Alternatively, the mounting hole 101 includes a first hole segment, a second hole segment and a third hole segment with gradually increasing radial sizes, a first step surface is provided between the first hole segment and the second hole segment, a second step surface is provided between the second hole segment and the third hole segment, wherein one end of the valve rod 30 is provided with a flange 34 and limited by the first step surface, and the positioning block 40 is axially movably provided at the third hole segment and limited by the second step surface. Through the cooperation of the first step surface and the flange 34, the valve rod 30 can be limited, and the valve rod 30 is prevented from falling out of the mounting hole 101, and in addition, in combination with the foregoing embodiment, when the flange 34 abuts against the first step surface, the valve rod 30 is at the initial position. In addition, through the cooperation of the second step surface and the positioning block 40, the position stability of the positioning block 40 can be realized, so that the valve rod 30 can conveniently drive the positioning block 40, and the stability of the gas valve 100 is improved.

In some embodiments of the utility model, as shown in fig. 2, the end of the valve stem 30 extends out of the mounting bore 101 and is provided with a limit stop 32, the limit stop 32 being used to limit the axial travel of the valve stem 30. The limit retainer ring 32 can be a split retainer ring or other structures, and by arranging the limit retainer ring 32, the maximum stroke of the valve rod 30 can be controlled, and the influence of the transition axial movement of the valve rod 30 on the stability of the gas valve 100 (such as the impact on the valve 70) can be avoided.
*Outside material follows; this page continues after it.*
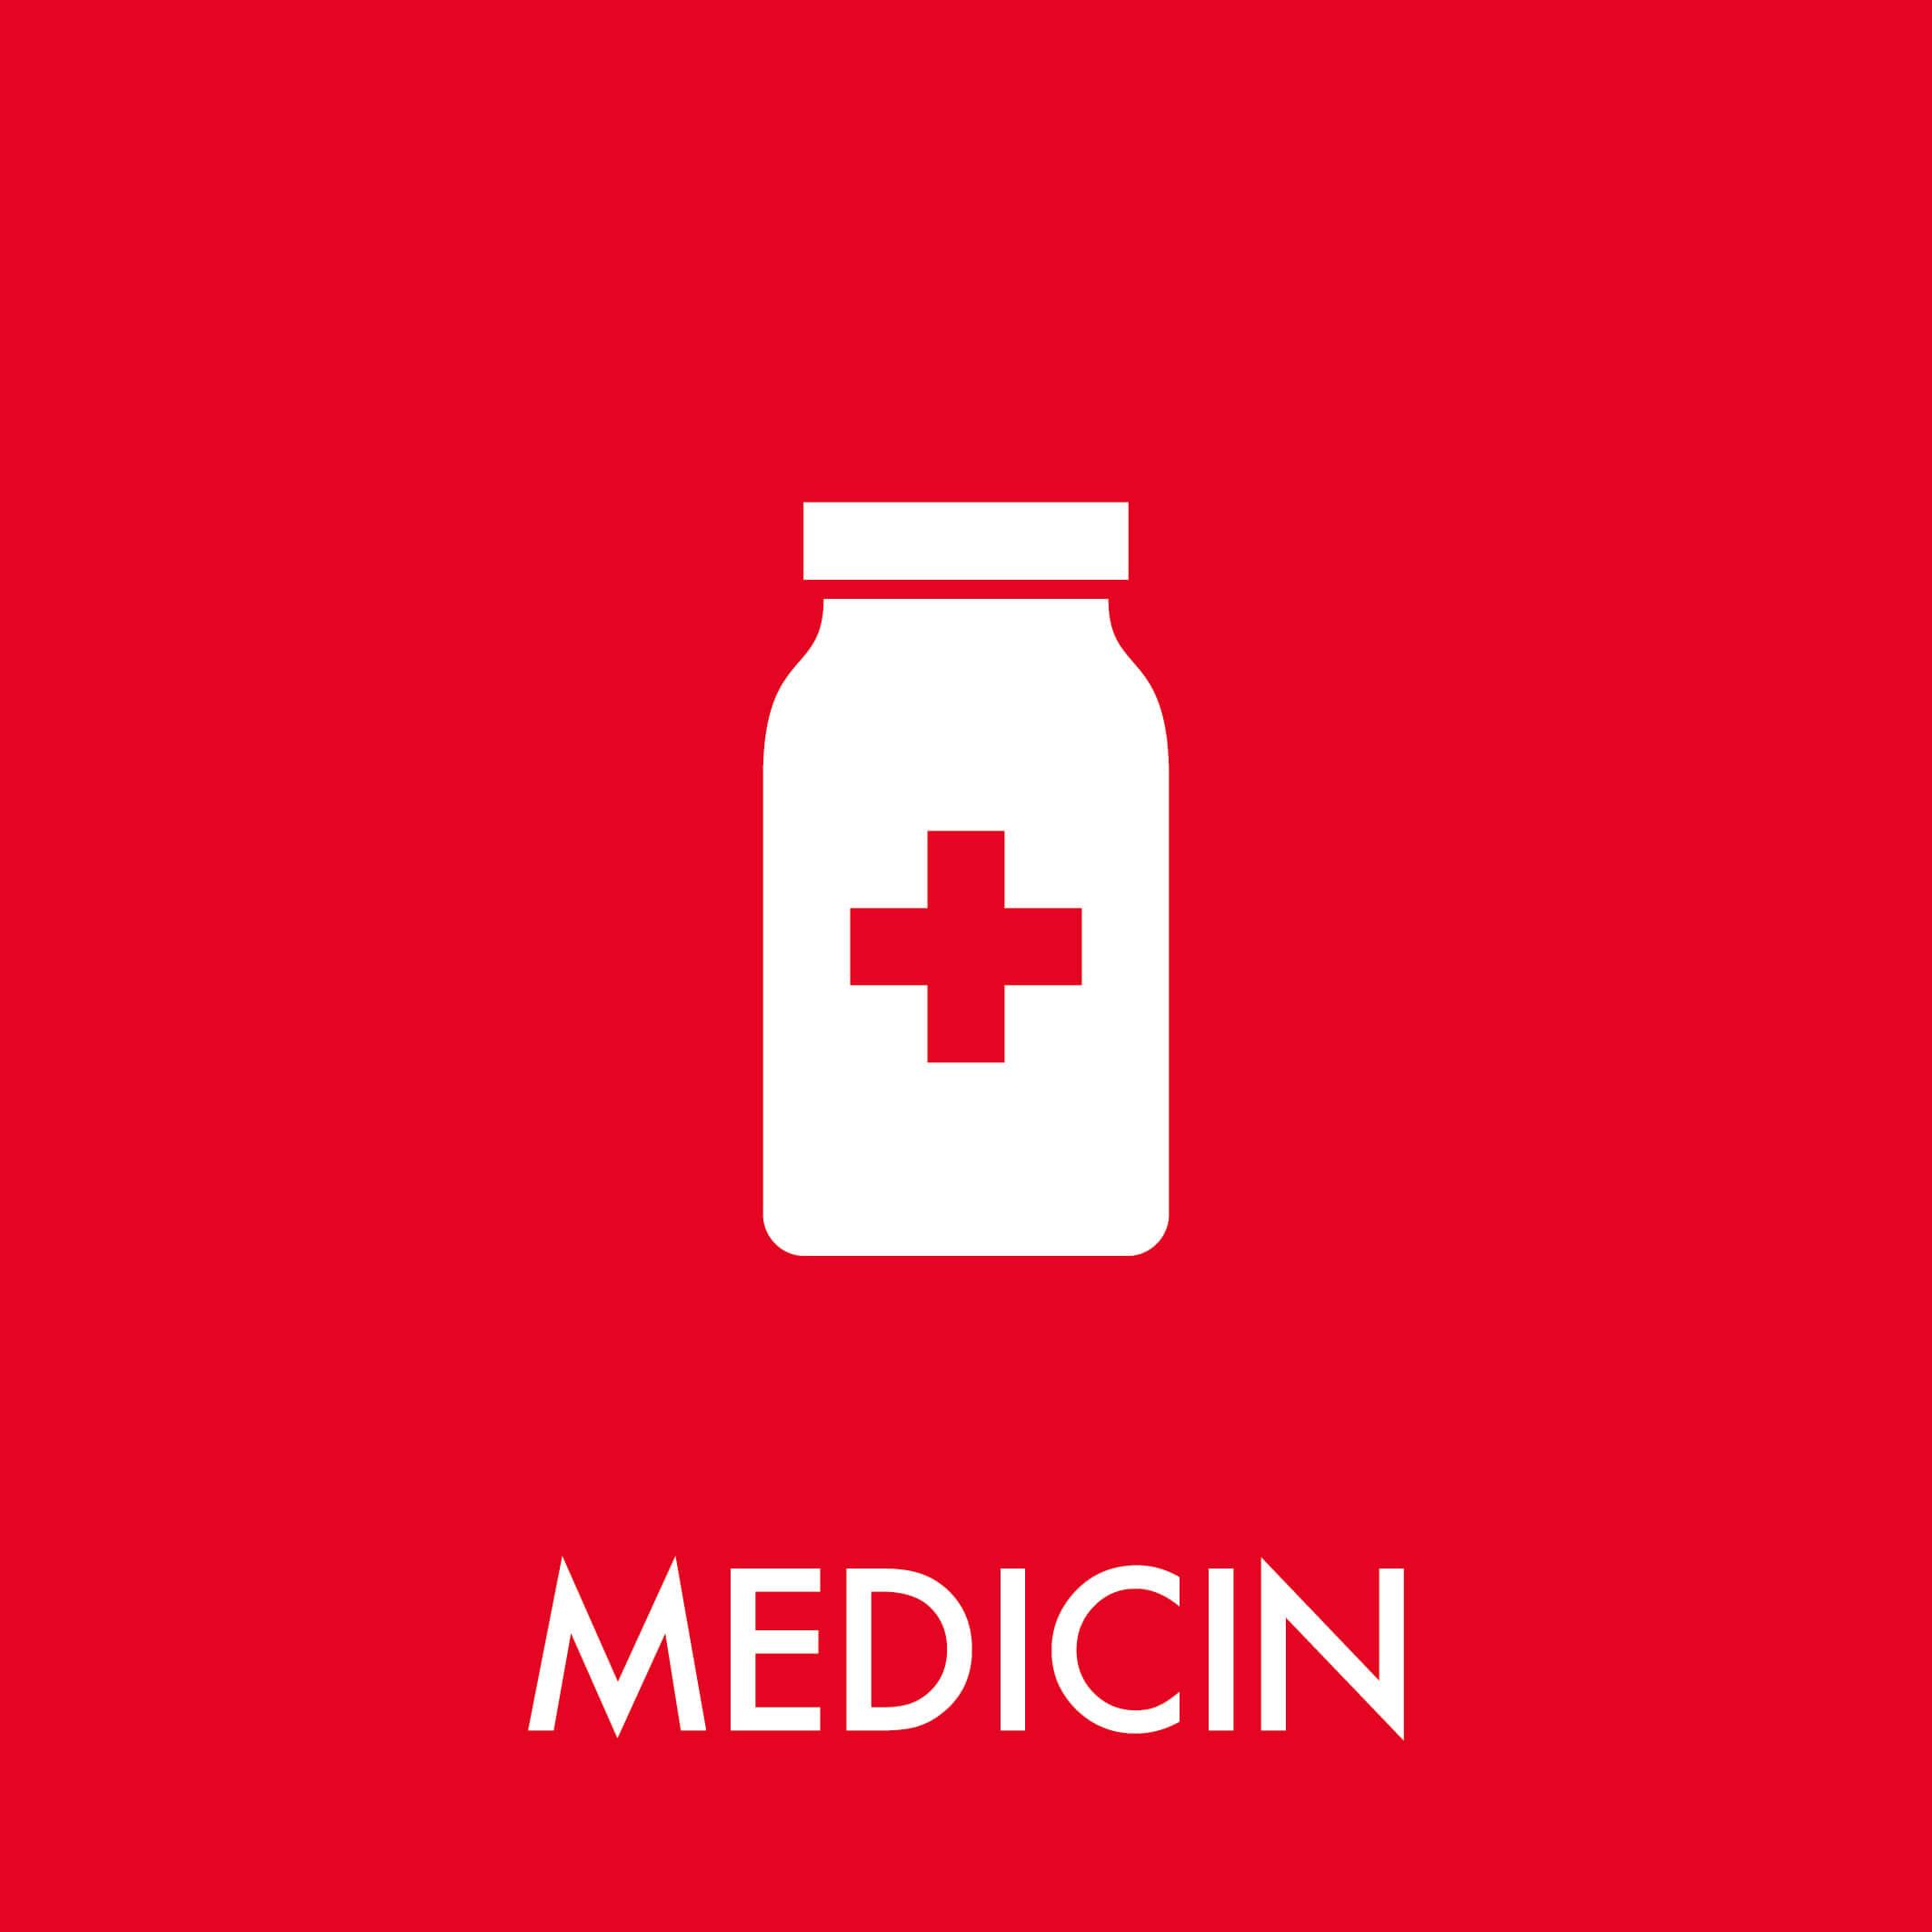 Dansk Affaldssortering - Medicin
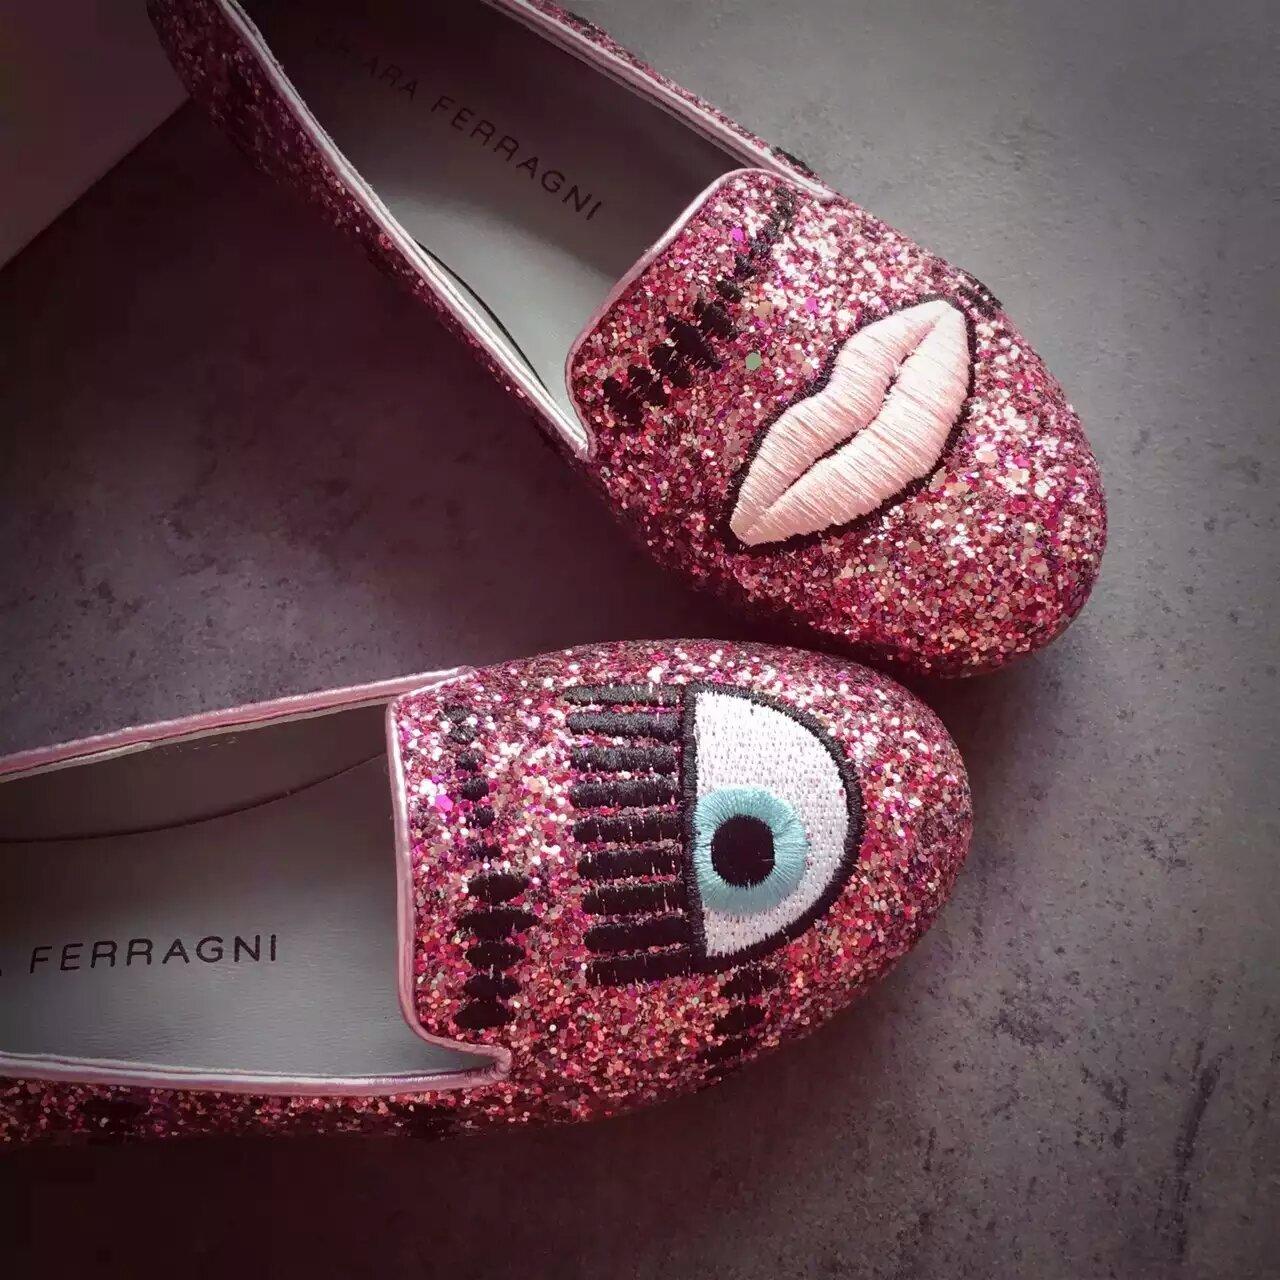 CHIARAFERRAGNI眼睛平底单鞋原单品质

In addition, with the above embodiment, the stroke control of the downward pressing and upward lifting of the valve rod 30 can be realized by the cooperation of the flange 34 and the limit retainer 32, and the stability of the axial movement of the valve rod 30 is improved.

In addition, the positioning block 40 may be positioned by a limit stop 32.

Referring to fig. 7 and 9, in some embodiments of the present invention, an insertion block 31 is provided on one of the end surface of the stem 30 and the positioning block 40 and an insertion hole 401 is provided on the other, for example, the insertion block 31 may be provided on the end surface of the stem 30 and the insertion hole 401 may be provided on the positioning block 40; the insertion hole 401 may be provided in the end surface of the stem 30, and the insertion block 31 may be provided in the positioning block 40. The insert block 31 is movably inserted into the insert hole 401 in an axial direction so that the valve stem 30 rotates the positioning block 40. By the engagement of the insertion block 31 and the insertion hole 401, it is possible to achieve the engagement of the positioning block 40 with the stem 30 movably in the axial direction and the relative position fixation of the stem 30 and the positioning block 40 in the circumferential direction. The relative position is fixed in the present invention to realize the synchronous rotation of the positioning block 40 and the valve rod 30, and in the actual use process, the positioning block 40 and the valve rod 30 may have a certain circumferential relative movement due to the reasons of assembly precision, etc.

In combination with the foregoing embodiment, the end surface of the valve rod 30 is the foregoing abutting structure.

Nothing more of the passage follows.